◆ RECORDS PROVIDED
┌────────

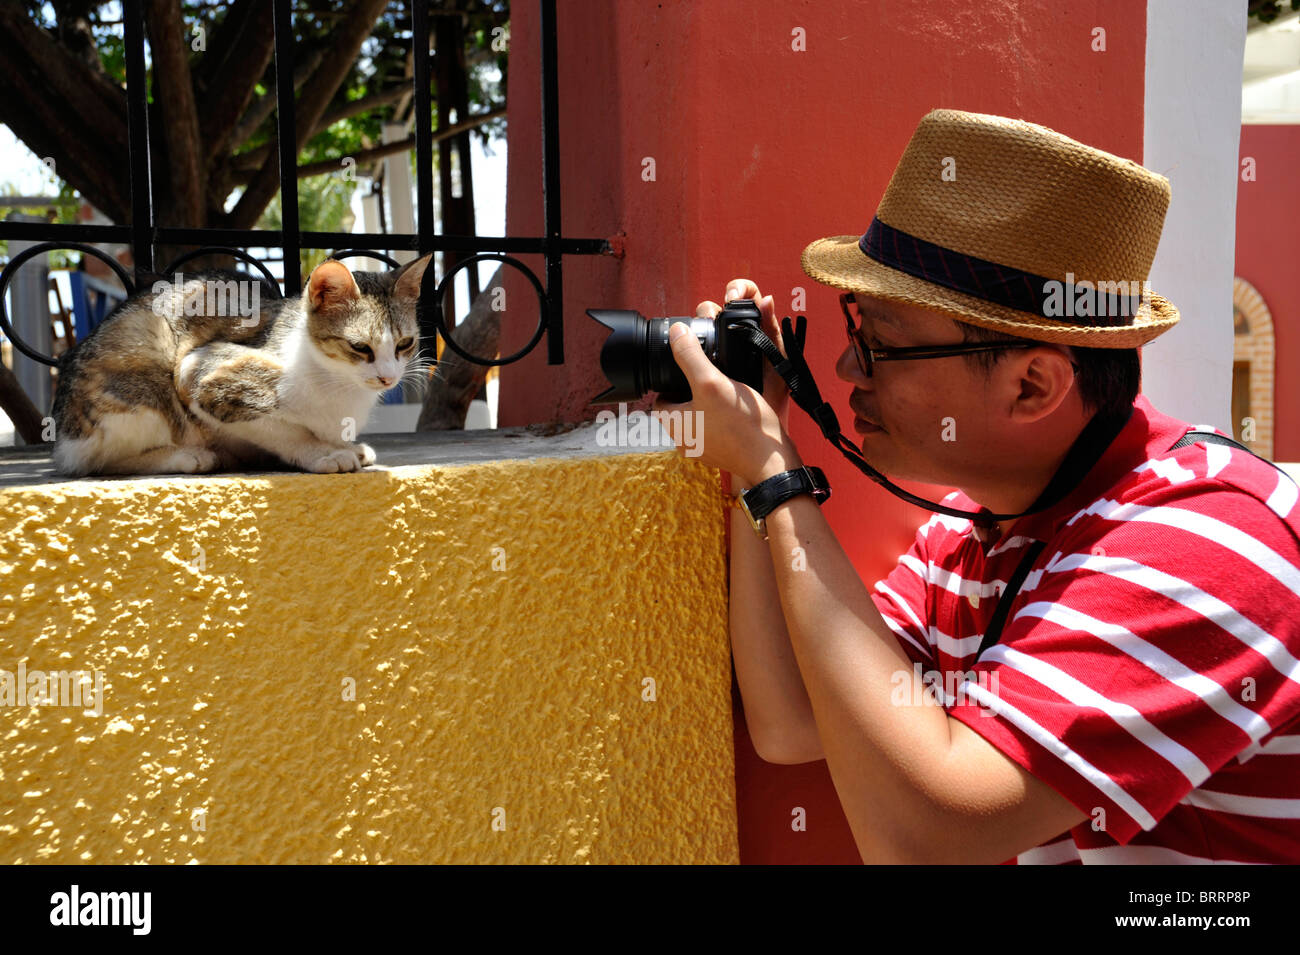 Turista giapponese di fotografare un gatto nella capitale città di Fira sull'isola greca di Santorini nelle Cicladi Foto Stock
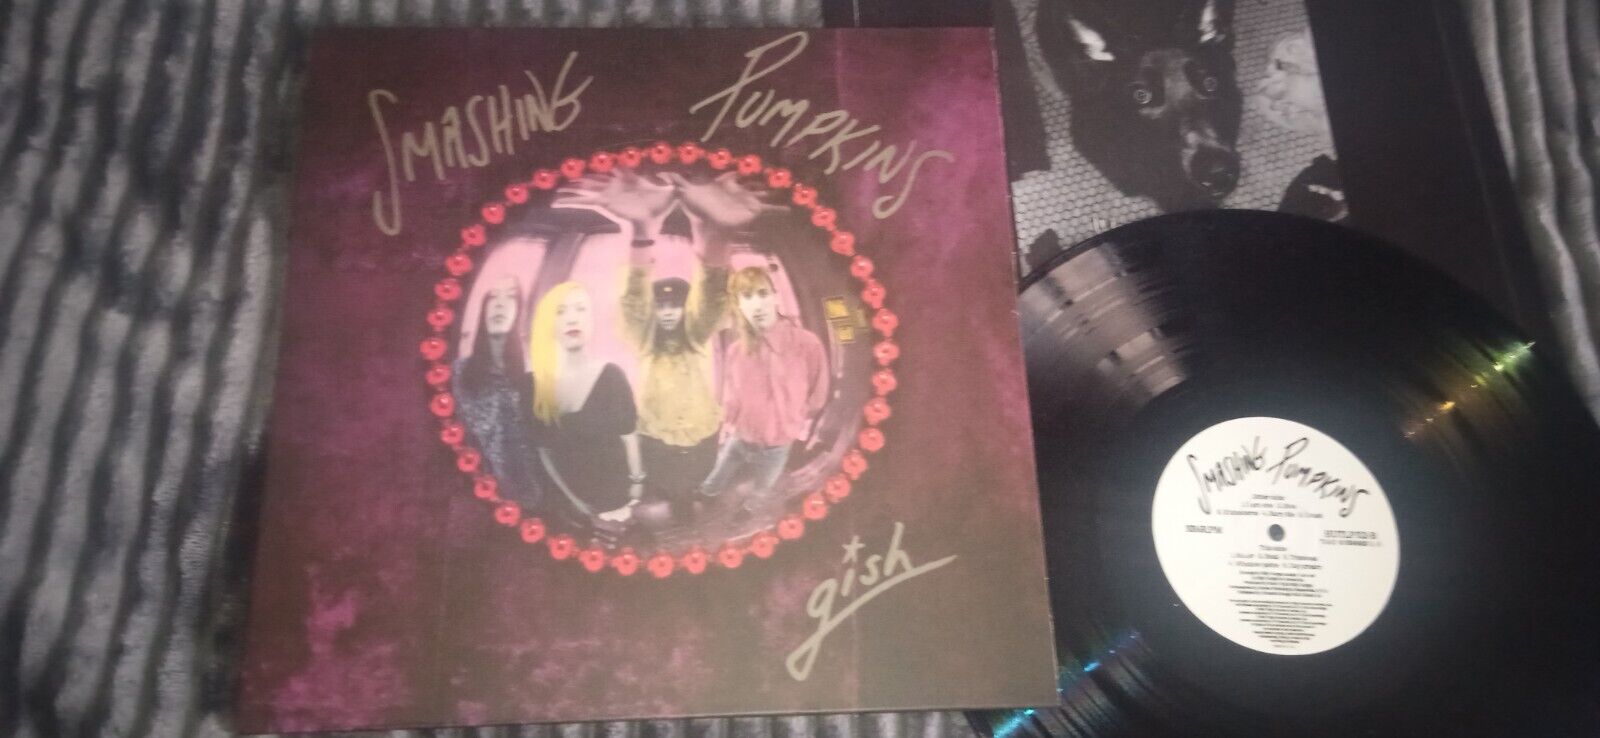 Smashing Pumpkins  - Gish Vinyl, LP, Album, Reissue, GRUNGE Remastered
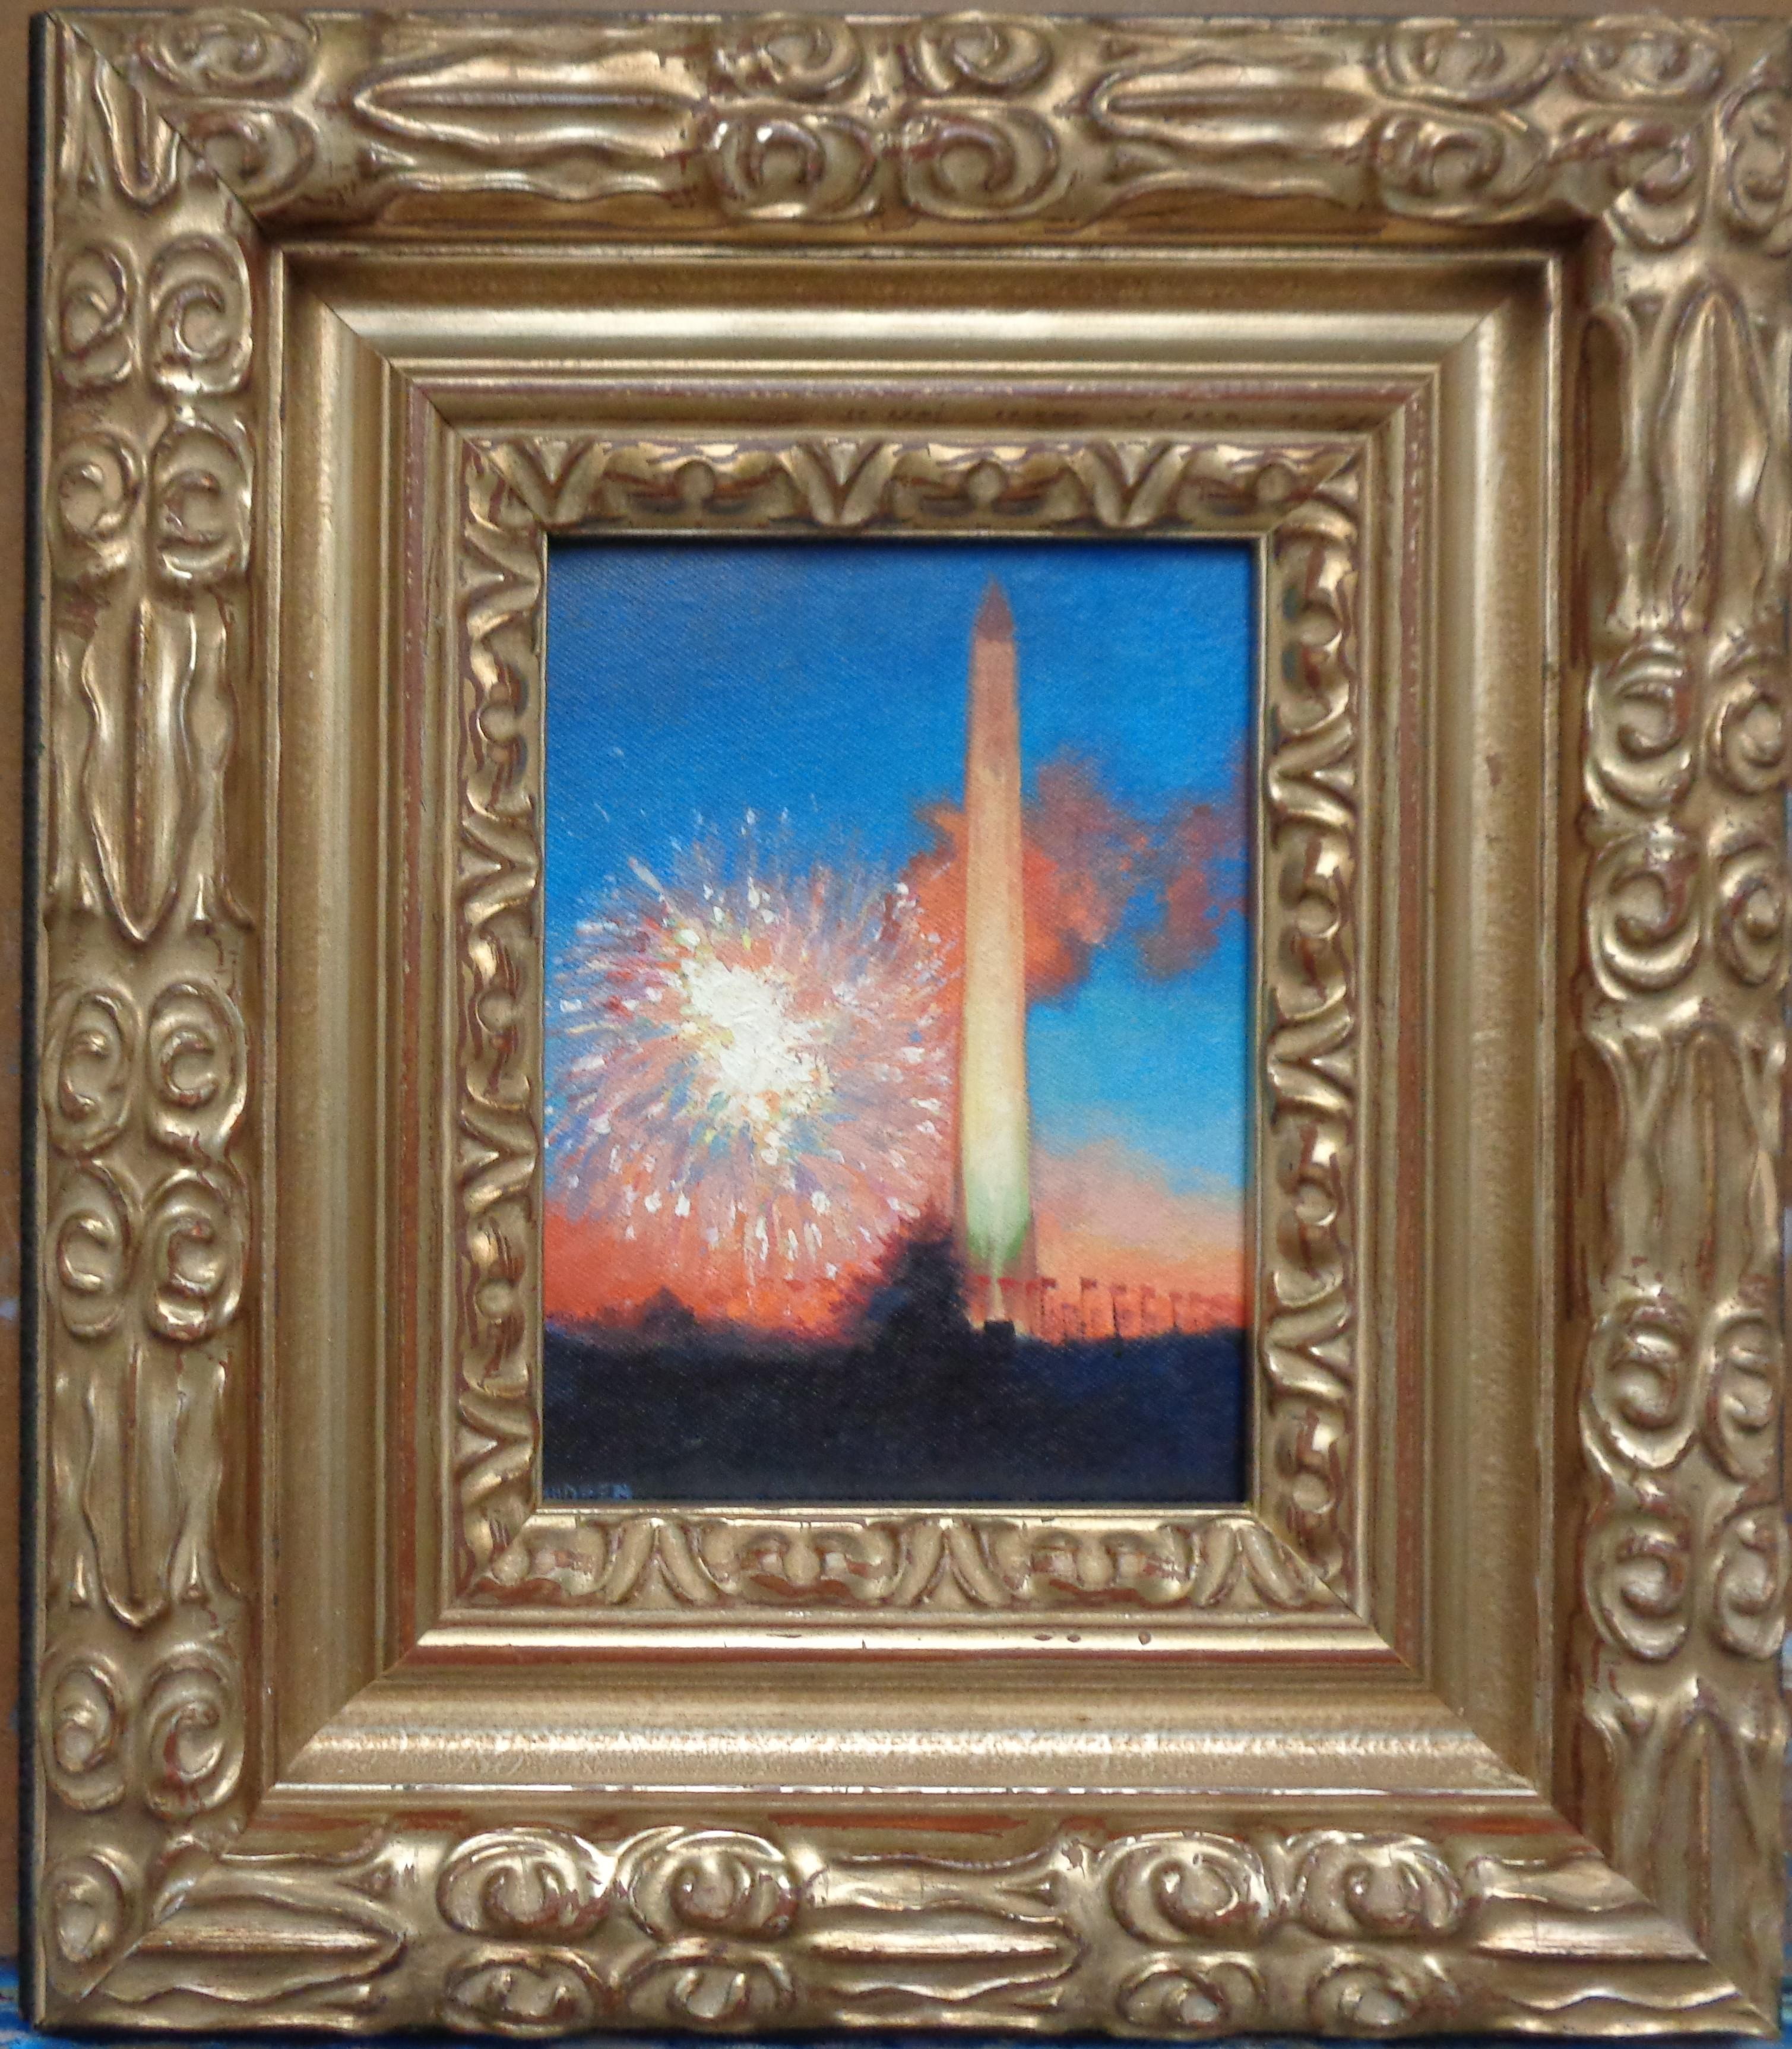 Éclat spectaculaire,
4 juillet, Washington Monument
huile/panneau 6 x 8 image encadrée dans un cadre très voyant. Le cadre peut être modifié.
Spectacular Radiance est une peinture à l'huile sur panneau de toile de l'artiste contemporain primé

└────────

◆ AIM OF THE EXERCISE
Show each line of the material above where "huile" occurs.

◆ RESULT OF THIS EXERCISE
huile/panneau 6 x 8 image encadrée dans un cadre très voyant. Le cadre peut être modifié.
Spectacular Radiance est une peinture à l'huile sur panneau de toile de l'artiste contemporain primé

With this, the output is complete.